Confidence interval over time (Quality Control Charts)

Hi, I can’t reconcile standard deviation T years out decreasing (relative to current annual S.D.) at 1/Sqrt(T) i.e. Annual S.D. 2 years out would be 1/Sqrt(2) (in the contect of quality control charts) with: Annual Standard deviation = daily standard deviation * Sqrt(252) Can anyone shed any light on this for me? Thanks, APP

in this formula, Annual Standard deviation = daily standard deviation * Sqrt(252) our sample data is for 1 year. 252 is trading days. we use daily std times sqrt of number of samples to get annualized std. now let’s expand the sample to 2 yrs or 504 trading days. assume daily std doesn’t change, which is quite likely, apply the same formula, you will use daily std times sqrt of 504. this overstates the annual std. so you need to divide sqrt 2. hope this helps.

What’s the point to this ? Does it mean that as time increases, then standard deviation decreases?

Boris, Thanks for the reply. I was with you all the way to ‘this overstates the annual std. so you need to divide sqrt 2’… but don’t worry. I’ve looked at this enought to just remember it. In the black-scholes section of Hull’s options/derivatives book (p284) it seems to be to do with continuous compounding. 'The continuously compounded rate of return per annum is normally distributed with mean U- @/2 and S.D: @/Root(T) U = E(Return) on stock/year @ = Vol of stock price / year I got this from talking to our options guy (who incidentally couldn’t derive this). Best way I’ve found to think about it is that you can be alot more sure about standard deviation with a big sample size vs. a small one. Bidder. Yes - according to cfai the Standard deviation does decrease as time (and hence sample data) increases. APP

hull is bible :smiley: it is actually a question on converting daily std to annual. std usually presents in annual term. level 3 textbook talks about frequency of data. just remember you need to divide sqrt of # of data. if you are using 2 years of daily data, you divide sqrt 504, which equals to sqrt252 times sqrt2. so 2 yr to 1 yr is divide sqrt2. it took me a while to understand this as well, and it is hard to explain. i actually learned it by calculate spx std in excel. in this way i see the changes in numbers. i learn black-schole in excel, otherwise there is no way i can remember it.

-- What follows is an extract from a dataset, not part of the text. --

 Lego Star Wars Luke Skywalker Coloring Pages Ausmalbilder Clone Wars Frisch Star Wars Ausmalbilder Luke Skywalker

allépourpêcher Wrote: ------------------------------------------------------- > Hi, > > I can’t reconcile standard deviation T years out > decreasing (relative to current annual S.D.) at > 1/Sqrt(T) i.e. Annual S.D. 2 years out would be > 1/Sqrt(2) (in the contect of quality control > charts) with: > > Annual Standard deviation = daily standard > deviation * Sqrt(252) > > Can anyone shed any light on this for me? > > Thanks, > > APP I assume that is the case because your hypothesis is about alpha which is the mean. Standard deviation of the mean declines with the number of observations.